George, C.T.; Weedon, G.P.; Hayman, G.; Gerard, F.F. (2019). Leaf phenology synchrony for Meso- and South America v2. NERC Environmental Information Data Centre. https://doi.org/10.5285/dae416b4-3762-45bd-ae14-c554883d482c
The leaf phenology product presented here shows the amplitude of annual cycles observed in MODIS (Moderate Resolution Imaging Spectroradiometer) normalized difference vegetation index (NDVI) and enhanced vegetation index (EVI) 16-day time-series of 2000 to 2013 for Meso- and South America. The values given represent a conservative measure of the amplitude after the annual cycle was identified and tested for significance by means of the Fourier Transform. The amplitude was derived for four sets of vegtation indices (VI) time-series based on the MODIS VI products (500m MOD13A1; 1000m MOD13A2). The amplitude value can be interpreted as the degree in which the life cycles of individual leaves of plants observed within a pixel are synchronised. In other words, given the local variation in environment and climate and the diversity of species leaf life cycle strategies, an image pixel will represent vegetation communities behaving between two extremes:
* well synchronized, where the leaf bud burst and senescence of the individual plants within the pixel occurs near simultaneously, yielding a high amplitude value. Often this matches with an area of low species diversity (e.g. arable land) or with areas where the growth of all plants is controlled by the same driver (e.g. precipitation).

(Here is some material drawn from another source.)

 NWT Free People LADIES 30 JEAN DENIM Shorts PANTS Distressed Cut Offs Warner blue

* poorly synchronized, where the leaf bud burst and senescence of individual plants within a pixel occurs at different times of the year, yielding a low amplitude value. Often this matches with an area of high species diversity and/or where several drivers could be controlling growth.
The key underlying method is the Fourier Transform (FT) a well established and efficient methodology to analyse time series data. The FT can be used for the detection of regular cycles, even when hidden in a noisy background and when the time series in question contains data gaps. The FT estimates a power spectrum that indicates the average variance in a time series at different time scales or frequencies. Standard linear de-trending of the data before application of the FT allows an analysis of a 'stationary' time series as the mean and variance should ideally be more-or-less constant.

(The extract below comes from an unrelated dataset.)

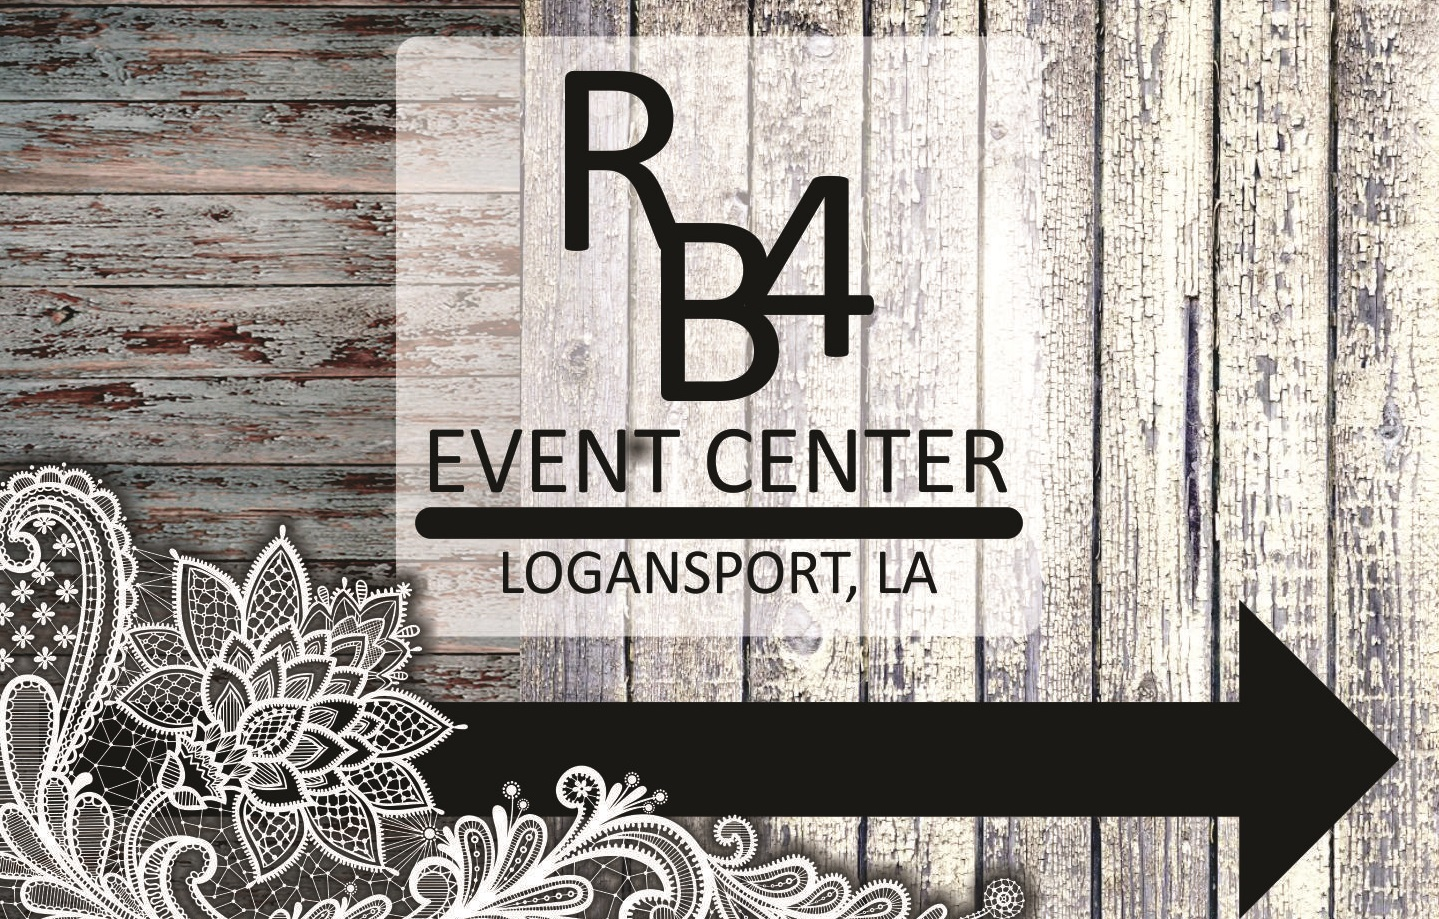 RB4 Wedding & Event Center in DeSoto Parish

We used two approaches to evaluate the amplitude values. The first involved comparing the full extent of the amplitude data grids with the independent International Geosphere-Biosphere Programme (IGBP) land cover map. This was done with histograms showing the distribution of the amplitude values found within each of the IGBP cover classes. The second approach compared published in situ site observations that describe canopy leaf life cycles through leaf flushing and falling, LAI and litter fall or other observations, with the corresponding amplitude values of these sites.